Any such attack would break the 60-year-old, very welcome taboo against the use of nuclear weapons – with extraordinarily negative consequences for global peace and security. It could also unleash violence on an unprecedented scale in the Middle East and chaos in other disturbed parts of the world.

Such a dreadful outcome can only be prevented if the West moves away from coercive diplomacy to isolate Iran and opens serious talks with it, and if the nuclear-weapon states rethink their own policies. These are based on total hypocrisy.

Today, as the West accuses Iran of nursing nuclear ambitions, it has itself no intention of reducing nuclear arms. The U.S. has embarked on a plan to expand its nuclear capability both upwards, through “Star Wars,” and downwards, through bunker-buster bombs.

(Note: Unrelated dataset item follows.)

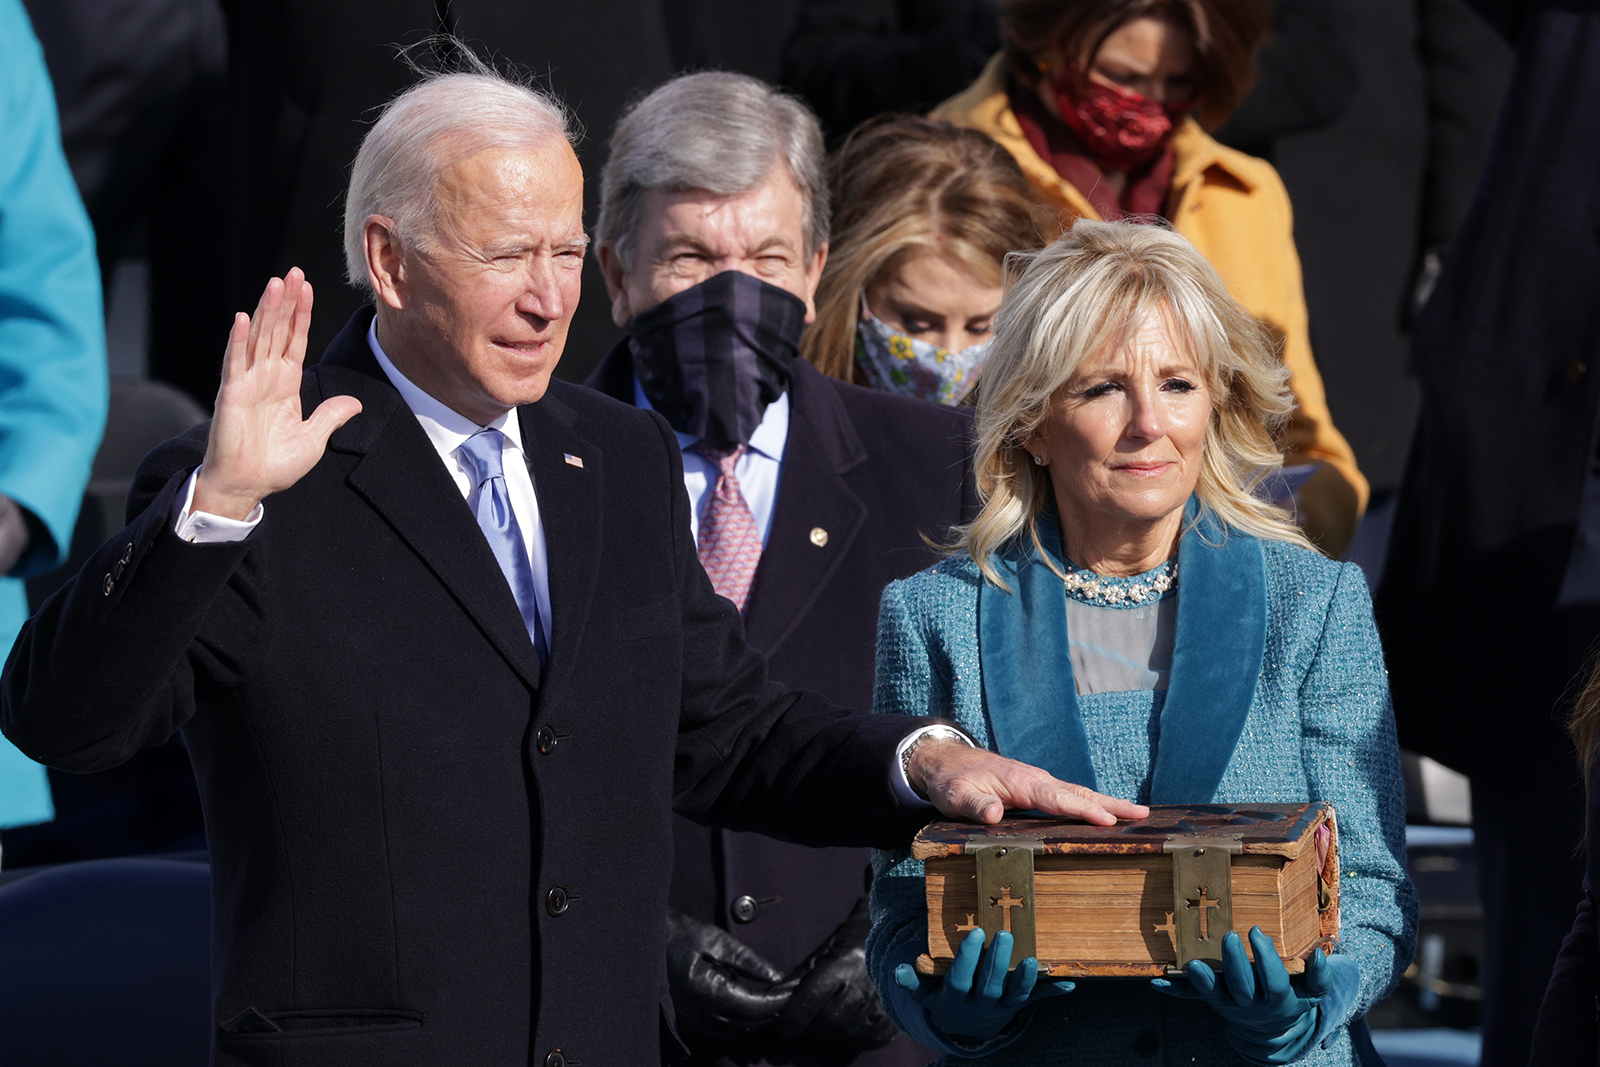  Tổng thống thứ 46 của Mỹ Joe Biden tuyên thệ nhậm chức trưa 20-1-2021 theo giờ Washington D.C. Ảnh: CNN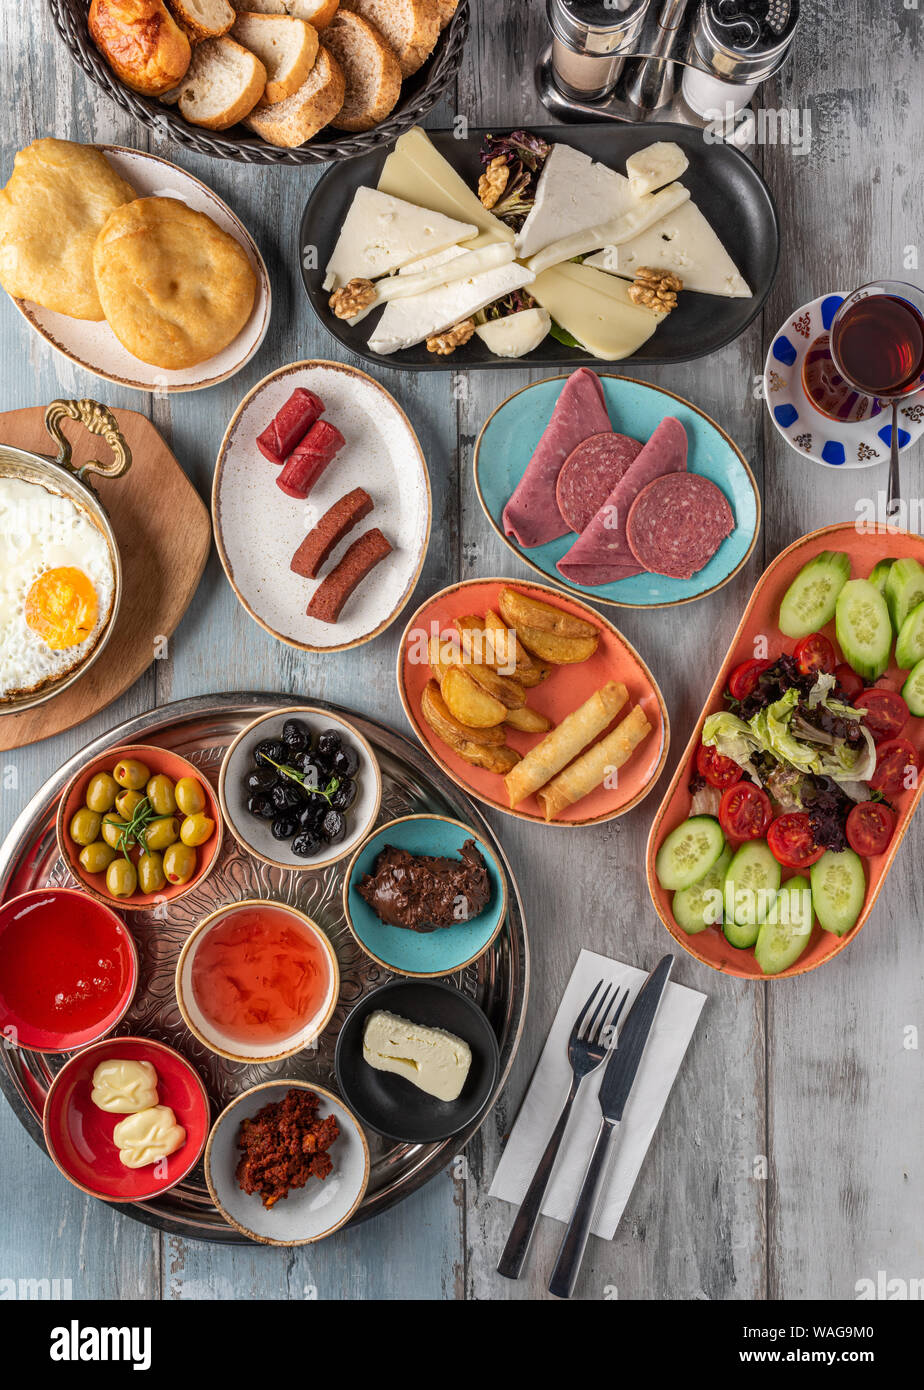 L'originale colazione moderna turca: un incontro di sapori

Similarly, Britain has announced a $40 billion replacement project for the Trident missile.

Smaller nuclear states such Israel, India, and Pakistan have also set negative examples.

If Iran is to be dissuaded from its nuclear pursuits, all these countries must lead by example– by taking concrete, measurable steps toward nuclear-arms reduction and disarmament. If they do not, the situation could rapidly spin out of control.

(Inter Press Service)

Author: Praful Bidwai

Praful Bidwai is a New Delhi-based political analyst and peace activist, a columnist with twenty-five Indian newspapers and co-author (with Achin Vanaik) of New Nukes: India, Pakistan and Global Nuclear Disarmament. He shared the International Peace Bureau's Sean MacBride International Peace Prize for 2000 with Vanaik.